- CNN Films poster
- Directed by: Will Allen
- Produced by: Will Allen; Tracey Harnish; Alexandra Johnes;
- Cinematography: Polly Morgan; Will Allen;
- Edited by: Will Allen; Sean Jarrett;
- Music by: Giles Lamb
- Production companies: WRA Productions CNN Films
- Distributed by: FilmRise
- Release dates: January 25, 2016 (Sundance); May 27, 2016;
- Running time: 103 minutes
- Country: United States

= Holy Hell (film) =

2016 film by Will Allen

Holy Hell is a 2016 American documentary film by Will Allen about his experiences as a member of the Buddhafield cult for 22 years. The cult's leader, who has several names but is typically called Michel, is claimed to have abused his followers. The film uses footage Allen shot during his capacity as the group's videographer and new footage of interviews with former members and of the group in Hawaii.

The film premiered on January 25, 2016 at the 2016 Sundance Film Festival and saw a limited theatrical release in May 2016. It was picked up for broadcast by CNN and aired on September 1, 2016.

It was selected for competition at the Sundance Film Festival.

== Background ==
When Will Allen, then 22, was forced to leave home in 1985 after his mother learned he was gay, his sister invited him to join a local alternative community and meditation group in West Hollywood, California she had been attending for nine months.

The group, led by Michel Rostand, eventually grew to one hundred members and began calling itself Buddhafield.
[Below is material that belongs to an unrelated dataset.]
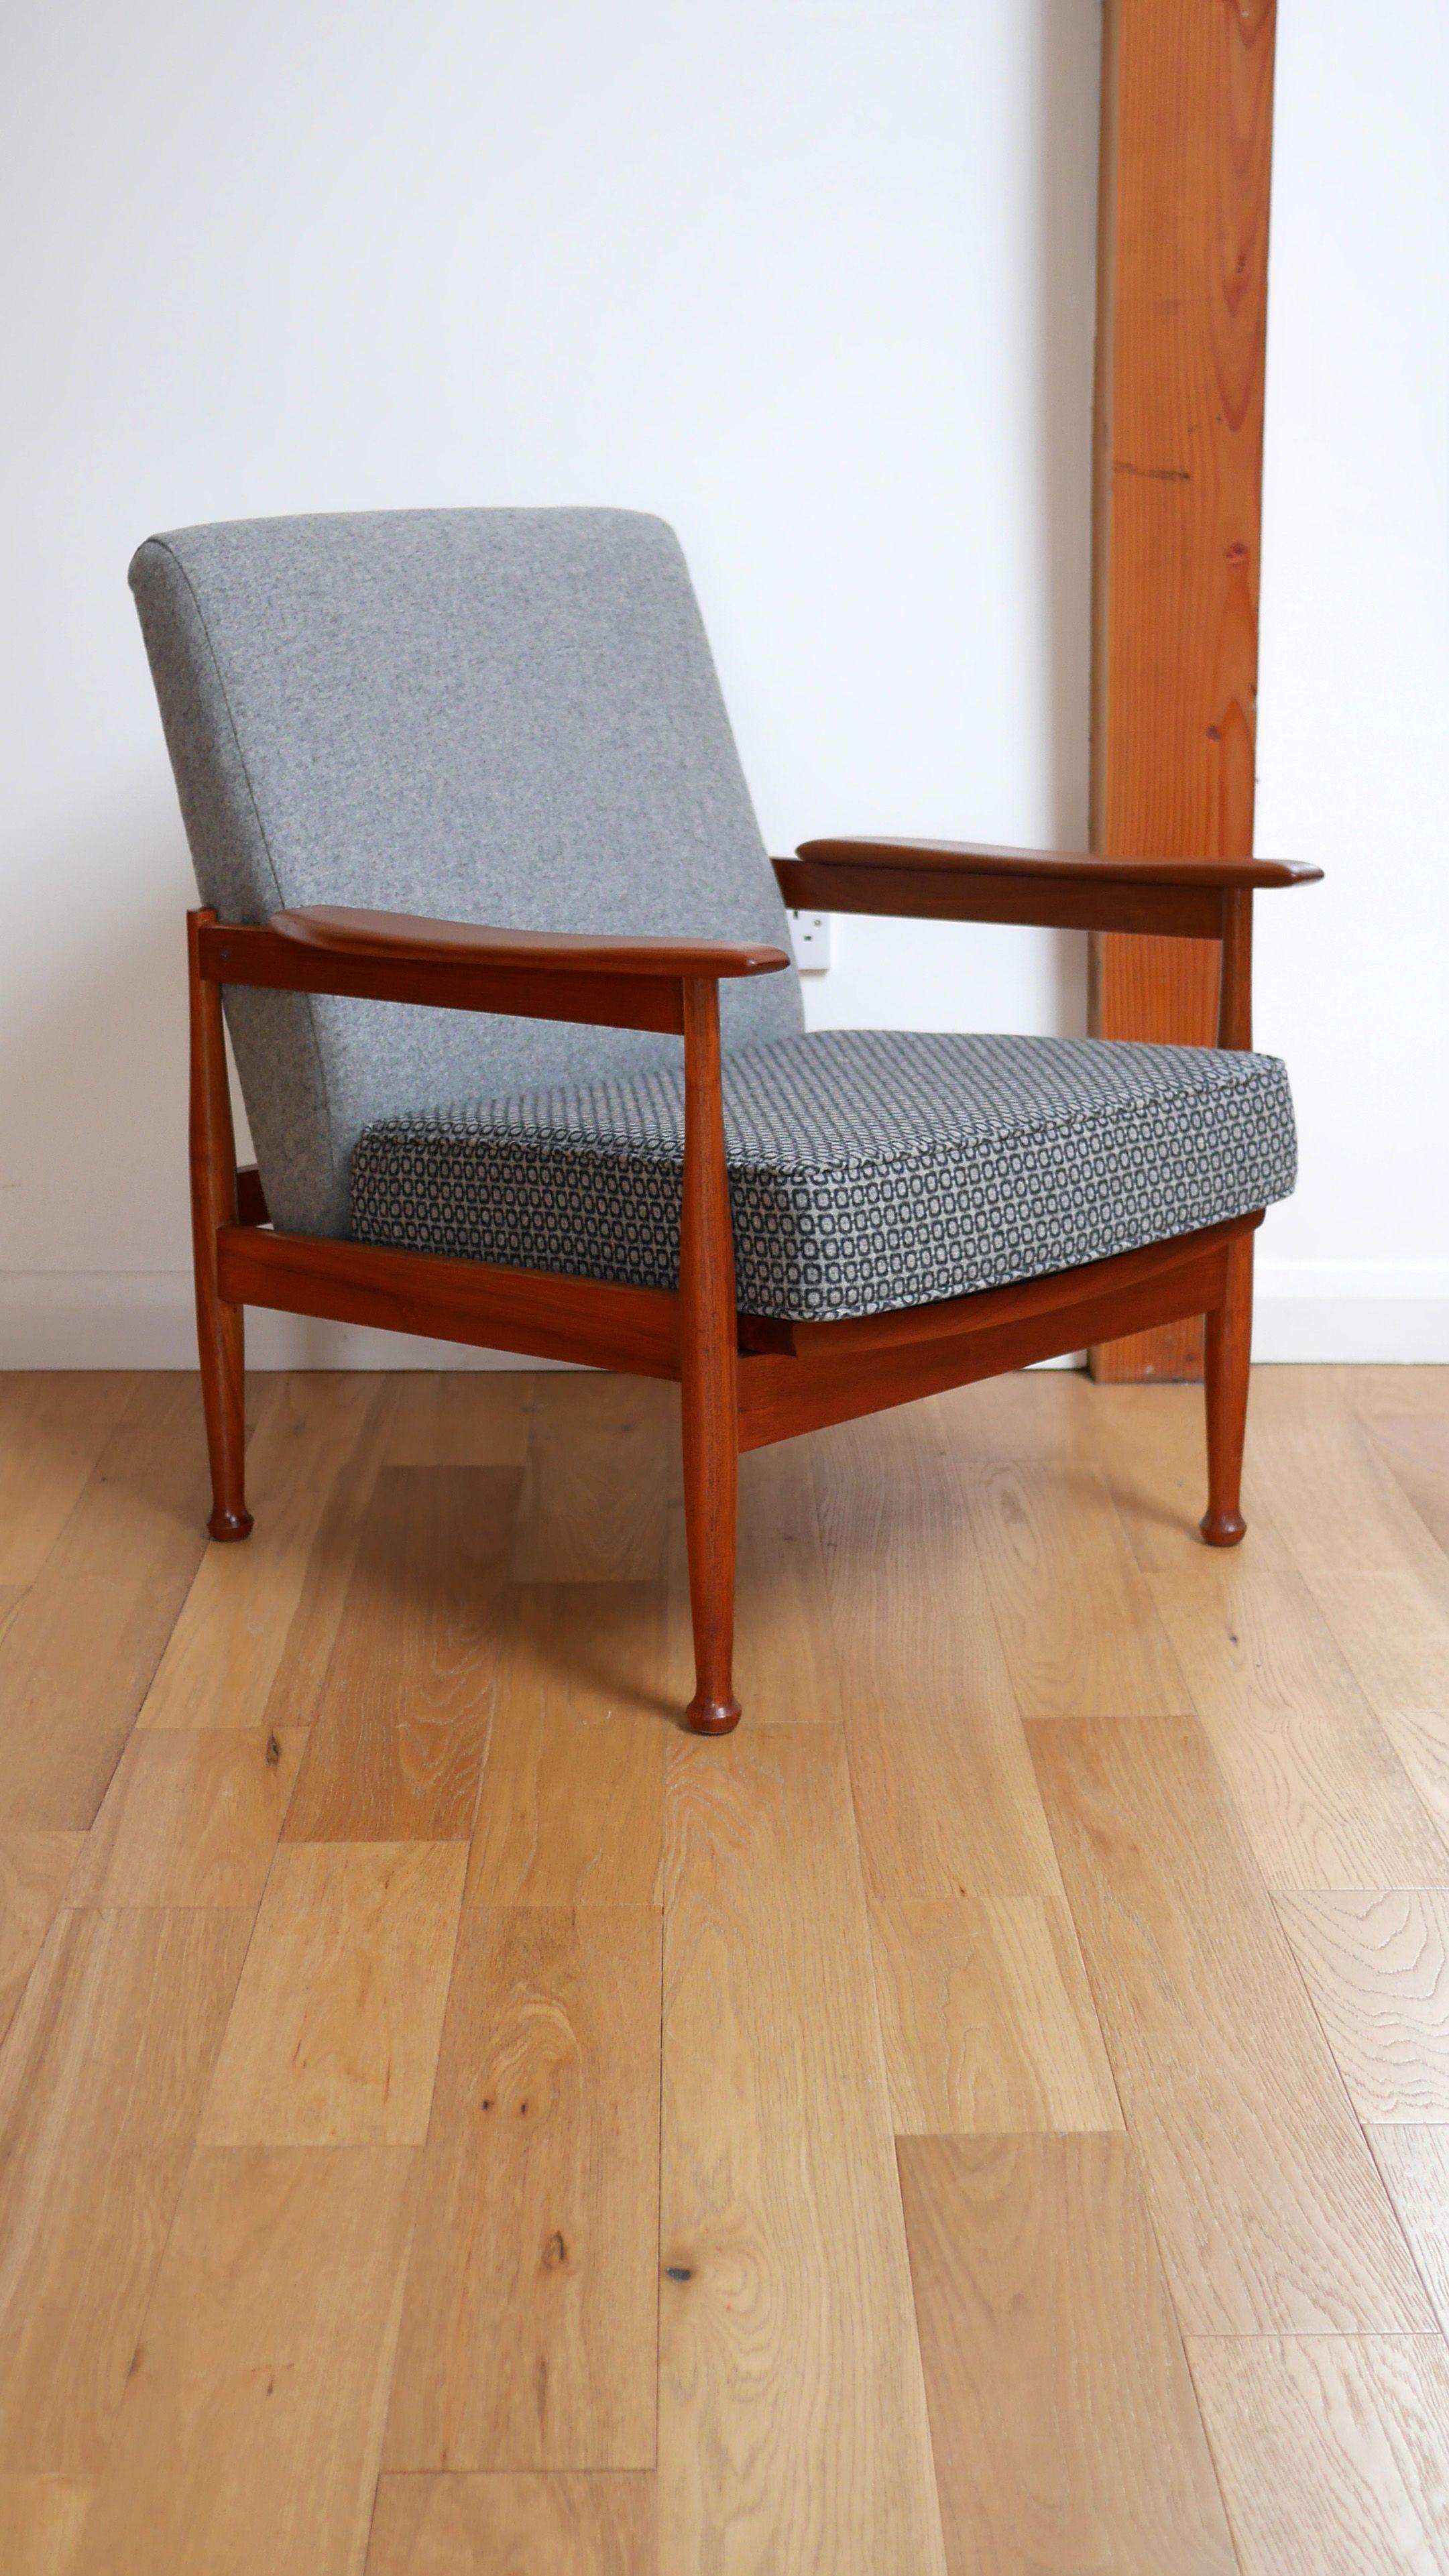 Prime Guy Rogers Manhattan Teak Reclining Armchair C 1962 Machost Co Dining Chair Design Ideas Machostcouk

Michel, born Jaime Gomez, was the son of a wealthy Venezuelan rancher; Michel had traveled to Hollywood in search of stardom. Michel landed a nonspeaking role in 1968's Rosemary's Baby, purportedly danced with Oakland Ballet, and apparently participated in adult films.

A film school graduate, Allen became Michel's documentarian and, as it is often described, propaganda minister. The group relocated to Austin, Texas in 1992 and then to Oahu, Hawaii. Allen left the group in 2007, after 22 years. In 2016, 85 or more followers remained with Michel in Hawaii.

== Production ==
After leaving the group in 2007, Allen suffered a crisis and felt directionless. He attended the Sundance Film Festival, where he viewed films including Keep the Lights On. He felt he found a new community, and "thankful to see someone take their own life and put it up on-screen," he sought to do the same with his experiences in Buddhafield. He created Holy Hell over four years.
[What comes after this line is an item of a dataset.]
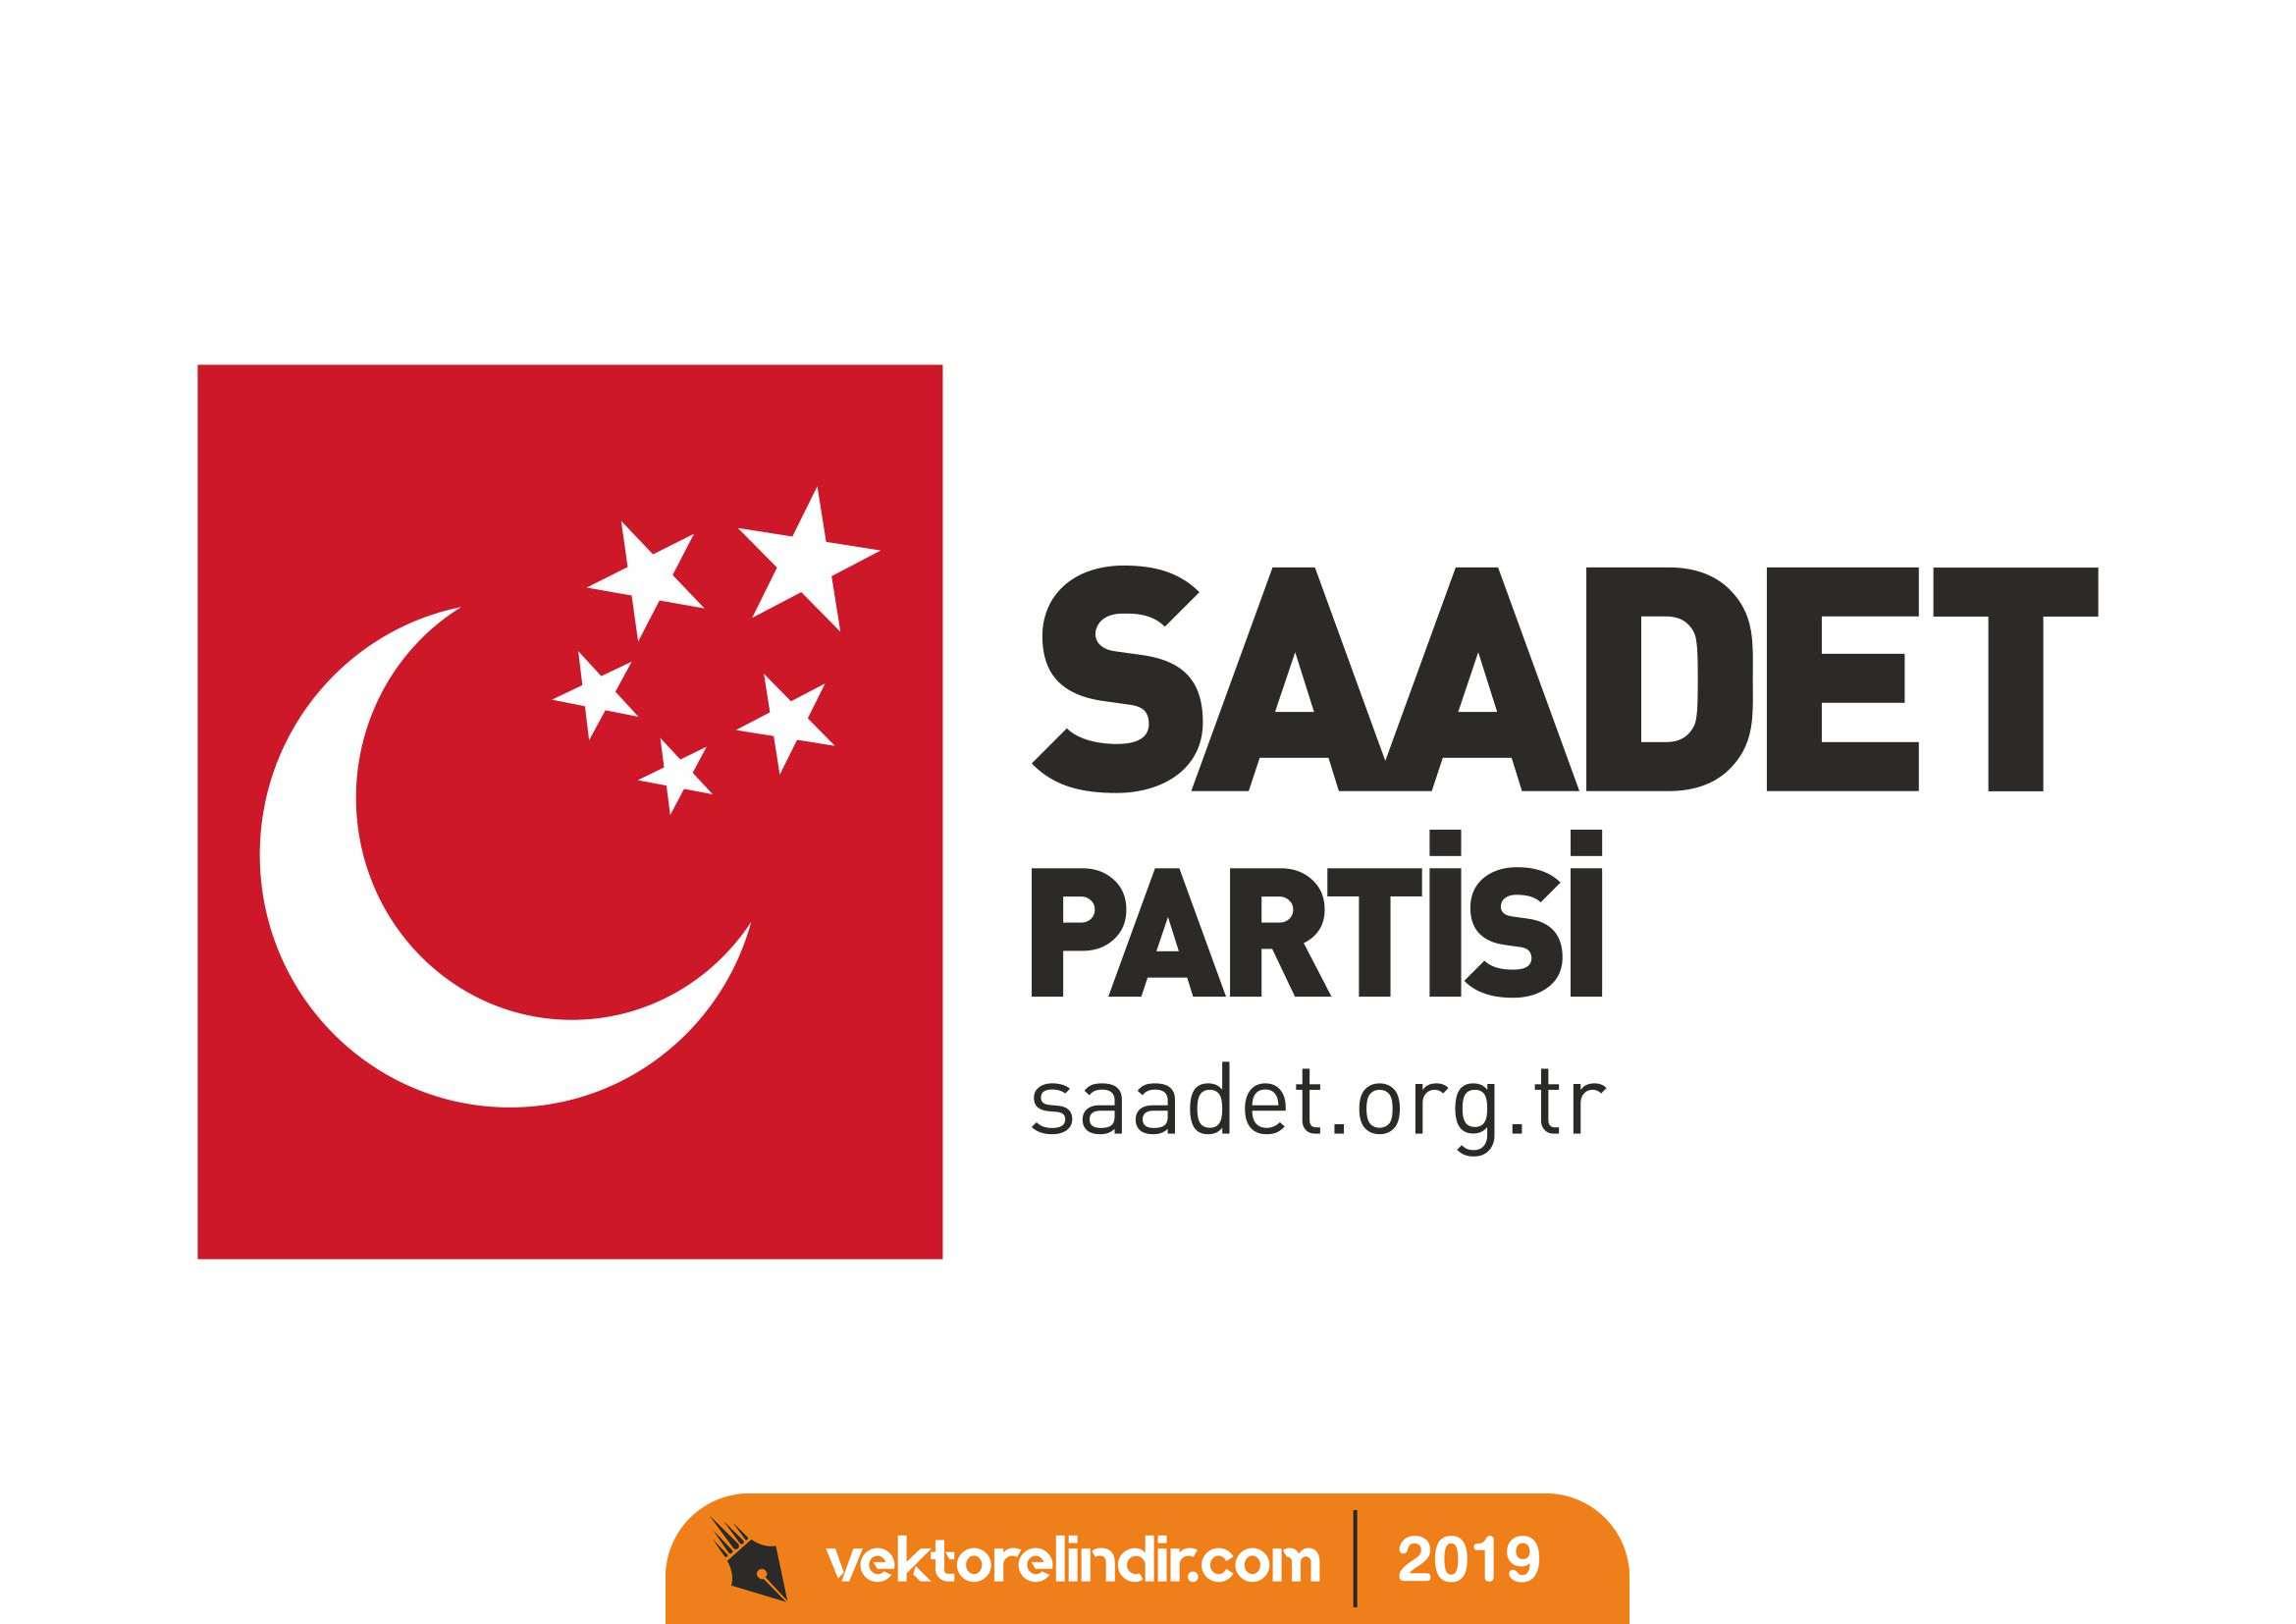 Saadet Partisi Logo, Amblem

Allen left much of his footage with the group and had only 35 hours of edited footage of Buddhafield. He used this footage to create the documentary. Cinematographer Polly Morgan shot new footage of Michel and his followers in Hawaii by hiding in bushes, which she described as the greatest challenge in shooting the documentary. For this, she preferred small, inexpensive, and lightweight cameras that would be non-obstructive during filming, and she noted she used a 70-200mm zoom lens for long lens photography while hiding in the bushes. The production also filmed new interviews with former members of the cult.

== Release ==
Holy Hell premiered at the Temple Theatre on January 25, 2016 during the Sundance Film Festival. The film later saw limited theatrical release on May 27, 2016. It was picked up for broadcast by CNN and aired on September 1, 2016.

== Critical reception ==
The film was selected for competition at the 2016 Sundance Film Festival and 2016 Nashville Film Festival.

==Music used in the documentary==
The documentary features two popular songs: a cover of "Hooked on a Feeling" by Blue Swede and "Chasing Cars" by Snow Patrol.

"Hooked on a Feeling" plays at the beginning as footage is shown of members of the cult outdoors reaching for the sun in a euphoric and trance-like state as the song's refrain "I'm hooked on a feeling, I'm high on believing" plays on. "Chasing Cars" plays on toward the end of the documentary as ex-members of the cult are seen dancing in a field and while crying.